Infiles to be processed

find_by_dir

Use this option when you sample names are by directory The default is to find samples by filename

    /SAMPLE1
        SAMPLE1_r1.fastq.gz
        SAMPLE1_r2.fastq.gz
    /SAMPLE2
        SAMPLE2_r1.fastq.gz
        SAMPLE2_r2.fastq.gz

by_sample_outdir

    outdir/
    /outdir/SAMPLE1
        /rule1
        /rule2
        /rule3
    /outdir/SAMPLE2
        /rule1
        /rule2
        /rule3

Instead of

    /outdir
        /rule1
        /rule2

samples

Our samples to process. They are either found through file_rule, or passed as command line opts

sample

Each time we get the sample we set it.

file_rule

Rule to find files/samples

Subroutines

get_samples

Get basename of the files.

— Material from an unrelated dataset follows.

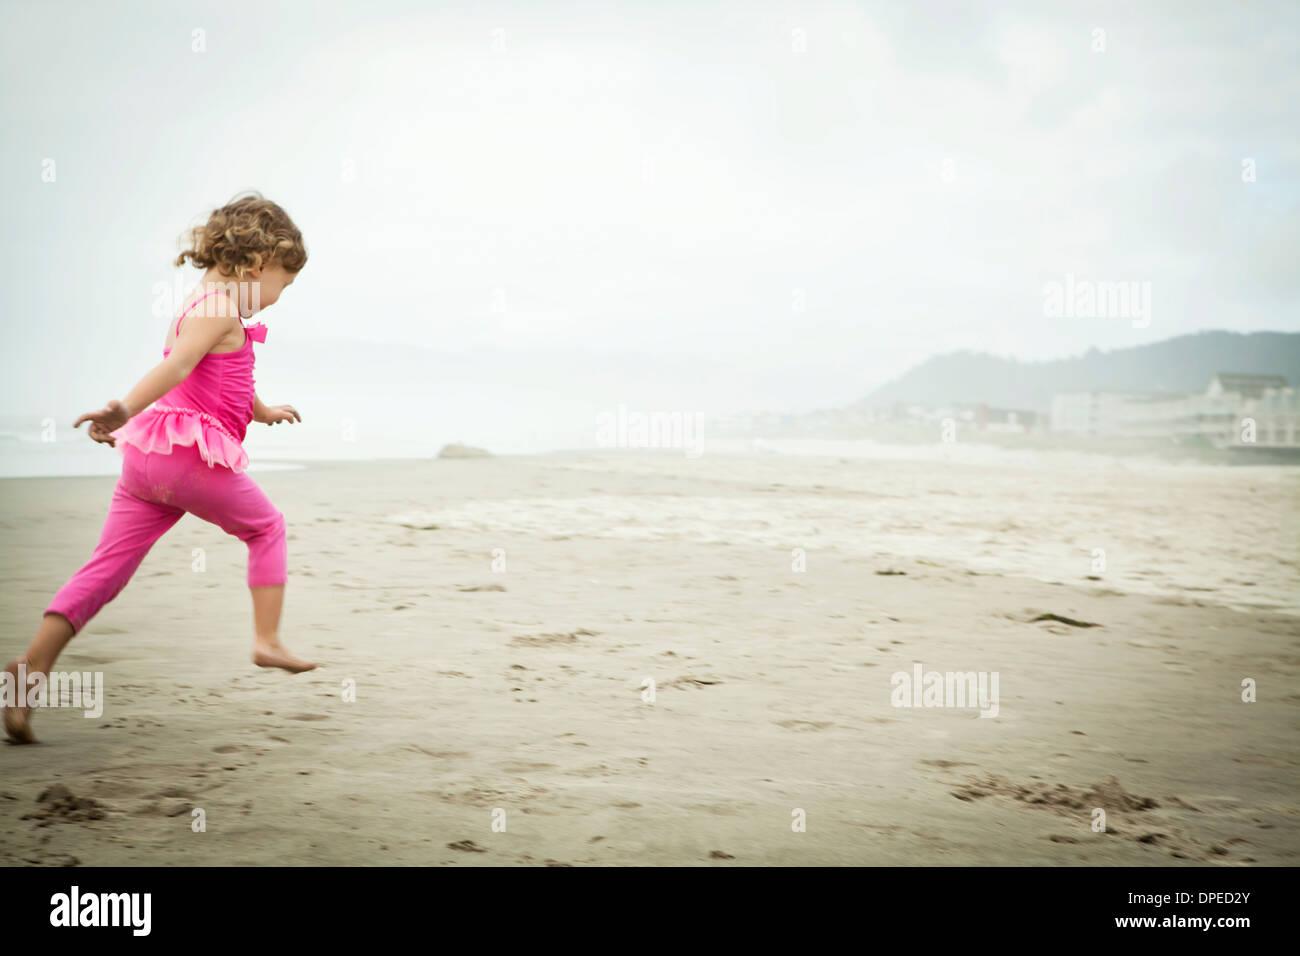 Female toddler running on beach - Stock Image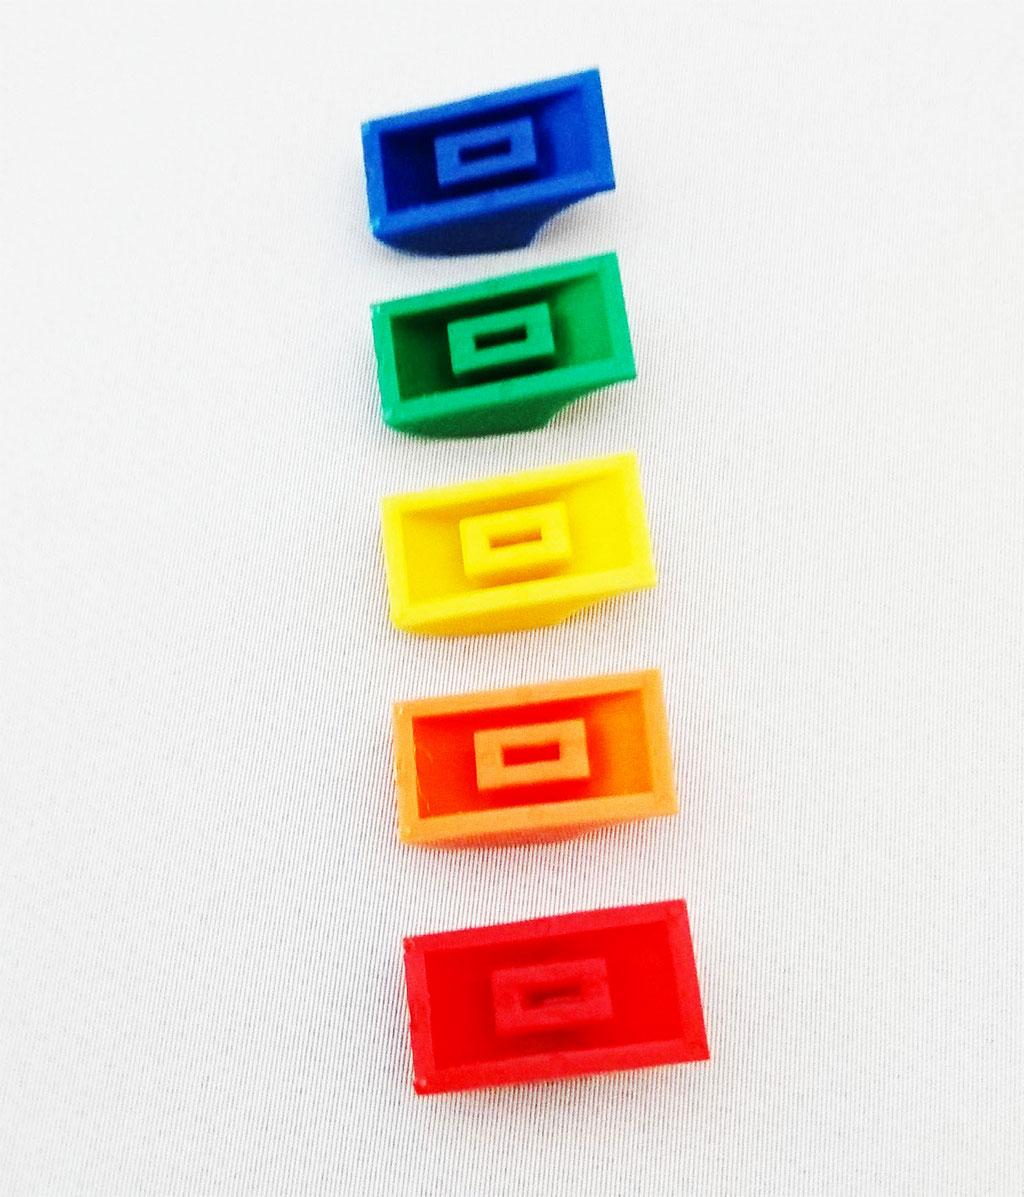 SP-5-5Way-Switch-Knob-Set

Can add optional rules.

sample.vcf.gz and sample.vcf would be sample if the file_rule is (.vcf)$|(.vcf.gz)$

Also gets the full path to infiles

Instead of doing

    foreach my $sample (@$self->samples){
        dostuff
    }

Could have

    foreach my $infile (@$self->infiles){
        dostuff
    }

write_sample_meta

Write the meta for samples

match_samples

Match samples based on regex written in file_rule